Not only are gambling and investing different, they are totally different.  Every form of gambling is a game.  It is a game of probability.  The probability is always in favor of the house because of the vigorish.  It is a one-time chance to place a wager that might have a payout.

Investing in stocks is a business transaction.  It does not matter if you buy stock in a single company or buy hundreds of different stocks in a mutual fund.  It is a business transaction because the investor is buying ownership in a company or group of companies.  It is only a small fraction of ownership, but it is ownership never the less.

With investing, there are ways to improve performance and reduce risk.  An investor can buy stocks that pay dividends.  An investor can hold on to their investments and let compound interest work its mathematical magic.  The short-term market risks of owning stocks can be offset by also owning bonds.  By owning both stocks and bonds, an investor can rebalance their holding and always be buying low and selling high.

With gambling, the odds do not change.  As I explained with the dice example, there will always just be a less than 3% chance of winning.  The odds will always be in favor of the house.
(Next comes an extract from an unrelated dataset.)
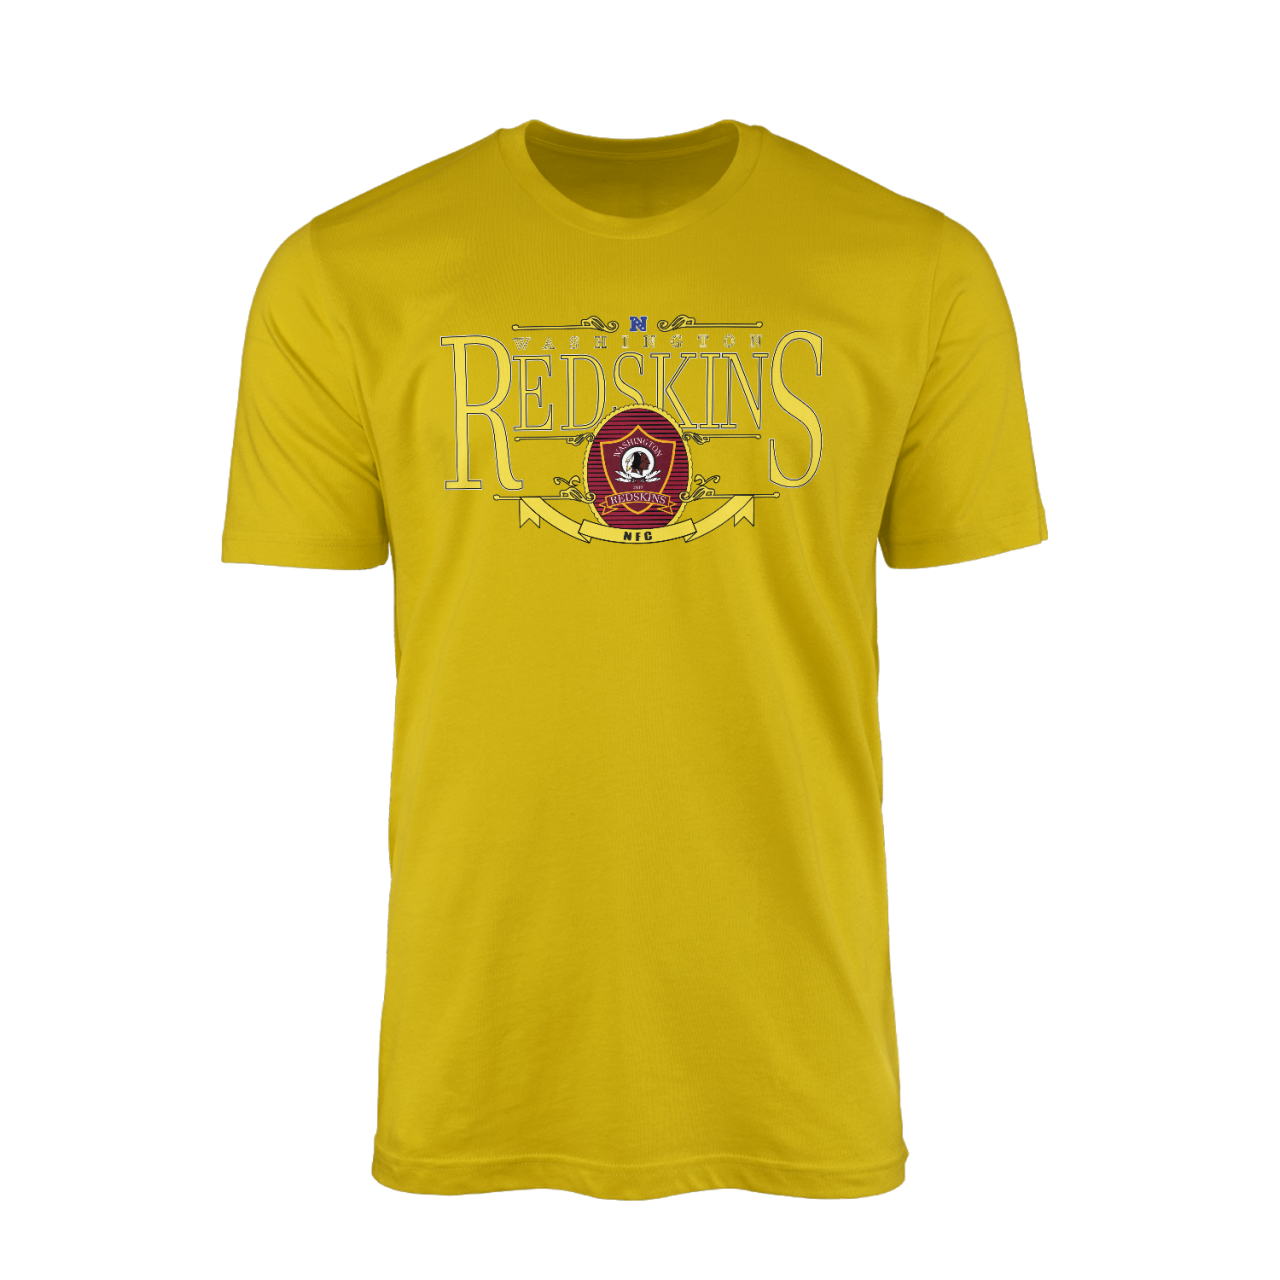 Redskins Retro Design Sarı Tshirt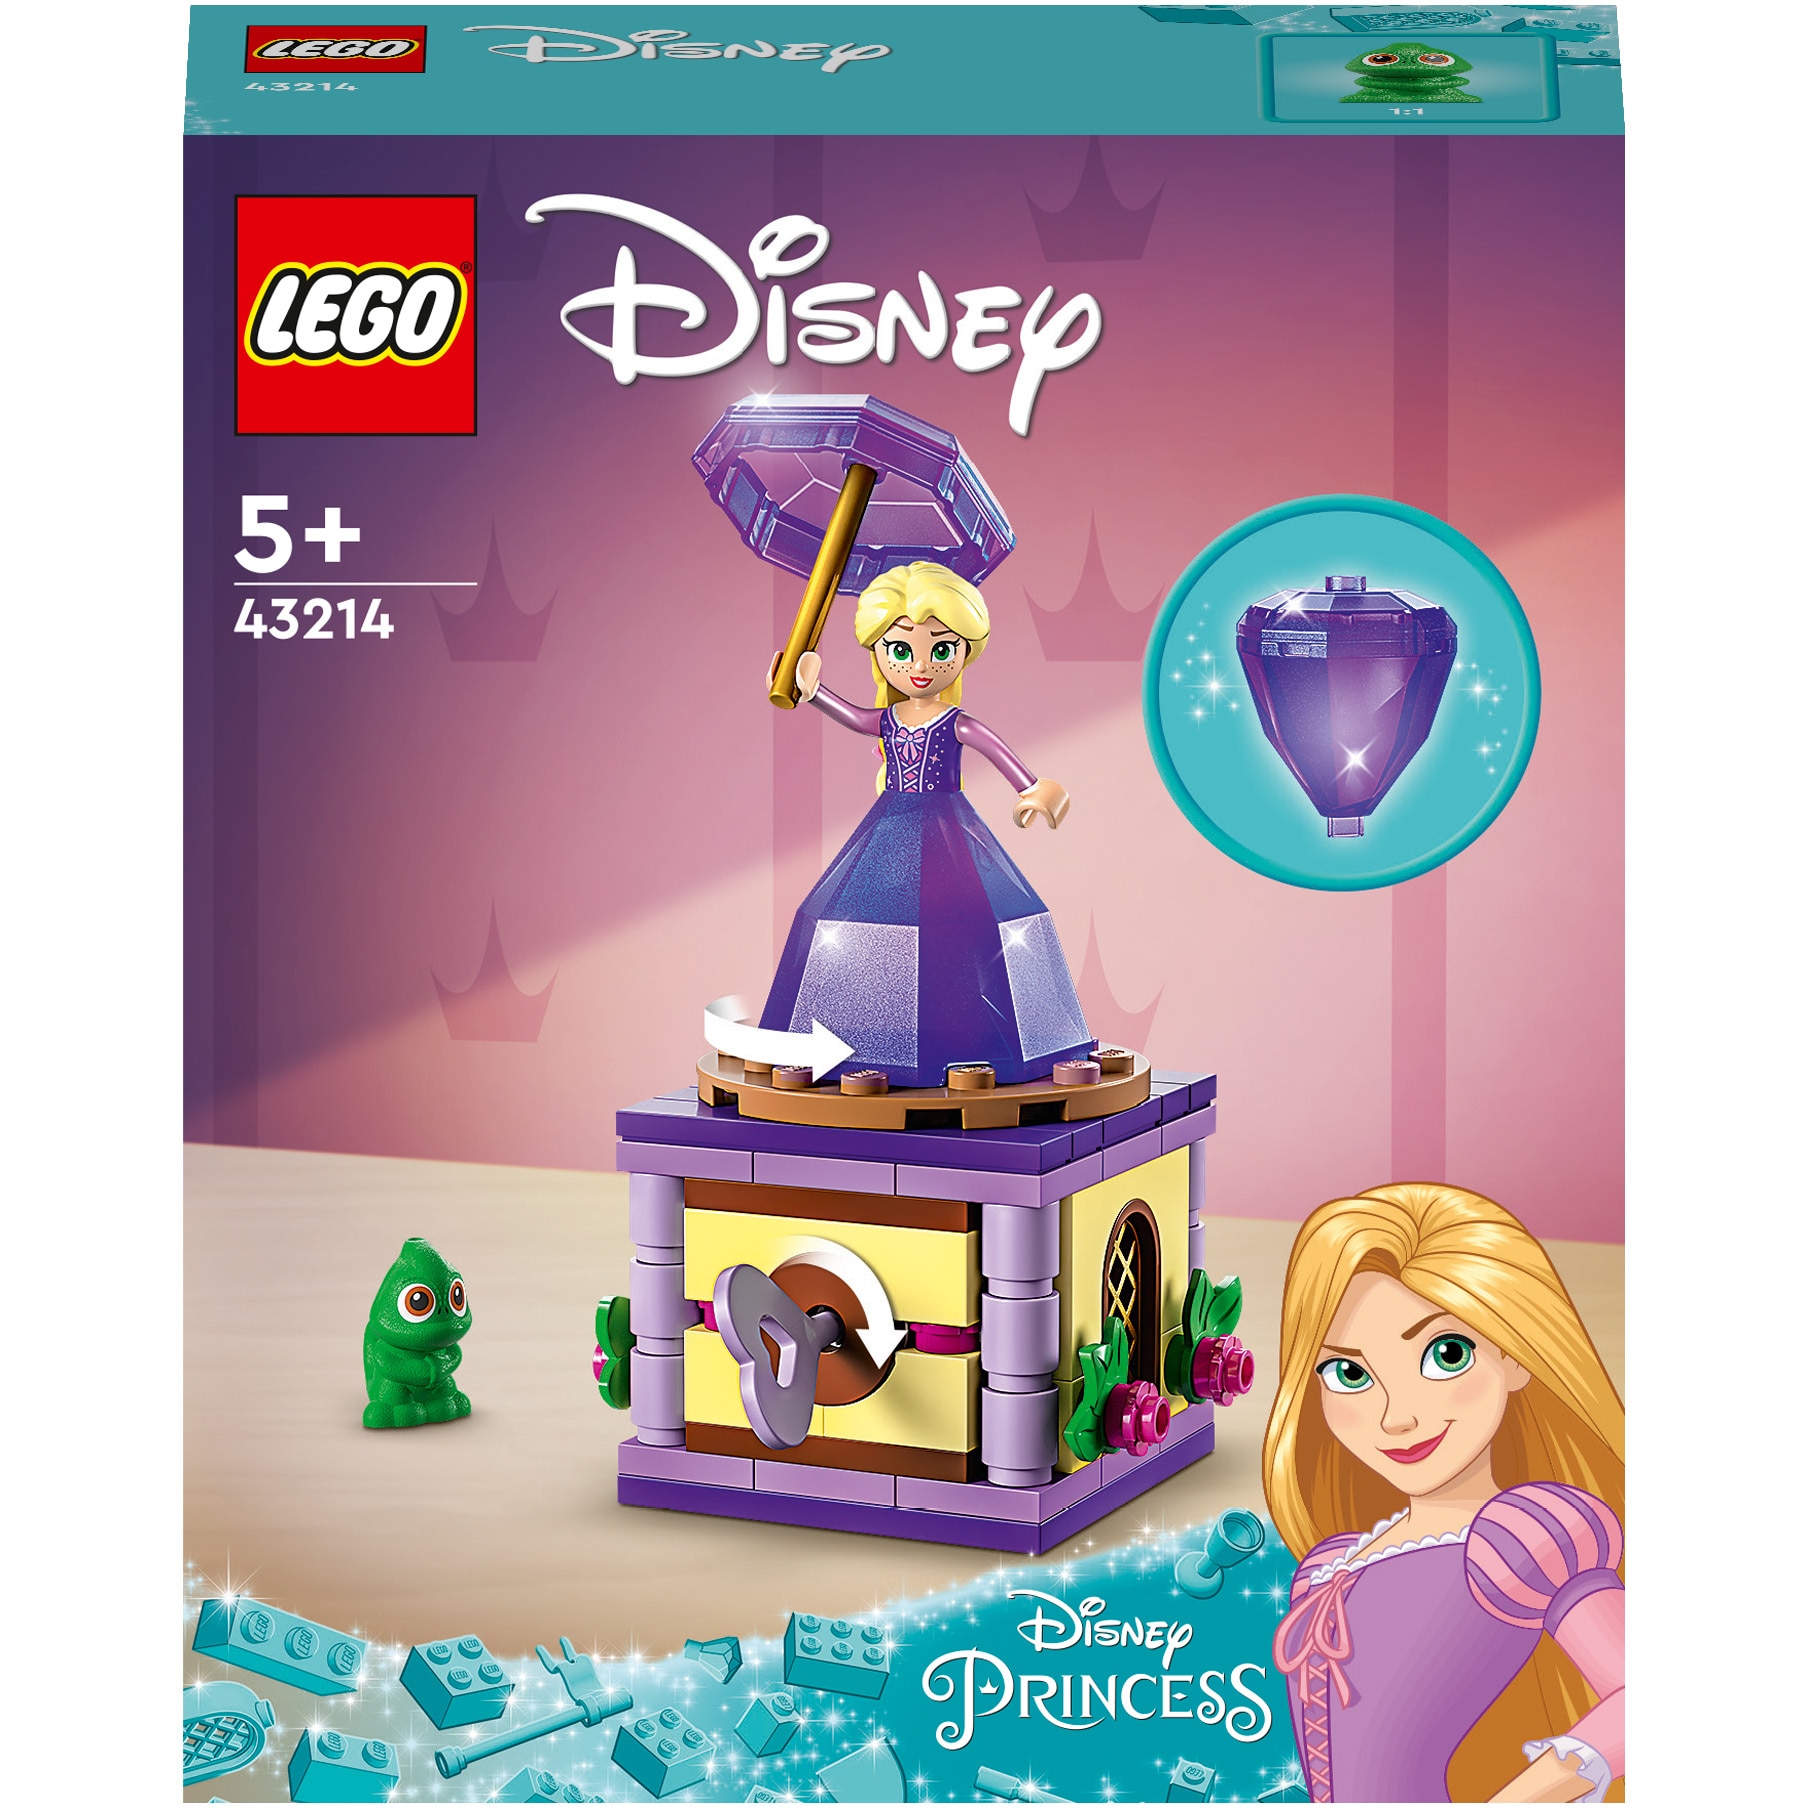 Fotografie LEGO® Disney Princess - Rapunzel facand piruete 43214, 89 piese

During the next major market correction, you are likely to hear people say that you are better off taking your money to the nearest horse track or gaming parlor than to put it at risk in the stock market.  Yes, in the short-term, investing in stocks can be volatile.  Over the long-term, however, stocks are the greatest wealth building investment for the individual investor.  When they decline in value, look at it as a buying opportunity.  Gambling is based on a one-time event and the odds favor the house.  As long as you invest wisely and have patience, the odds are far greater in your favor than by playing games of chance.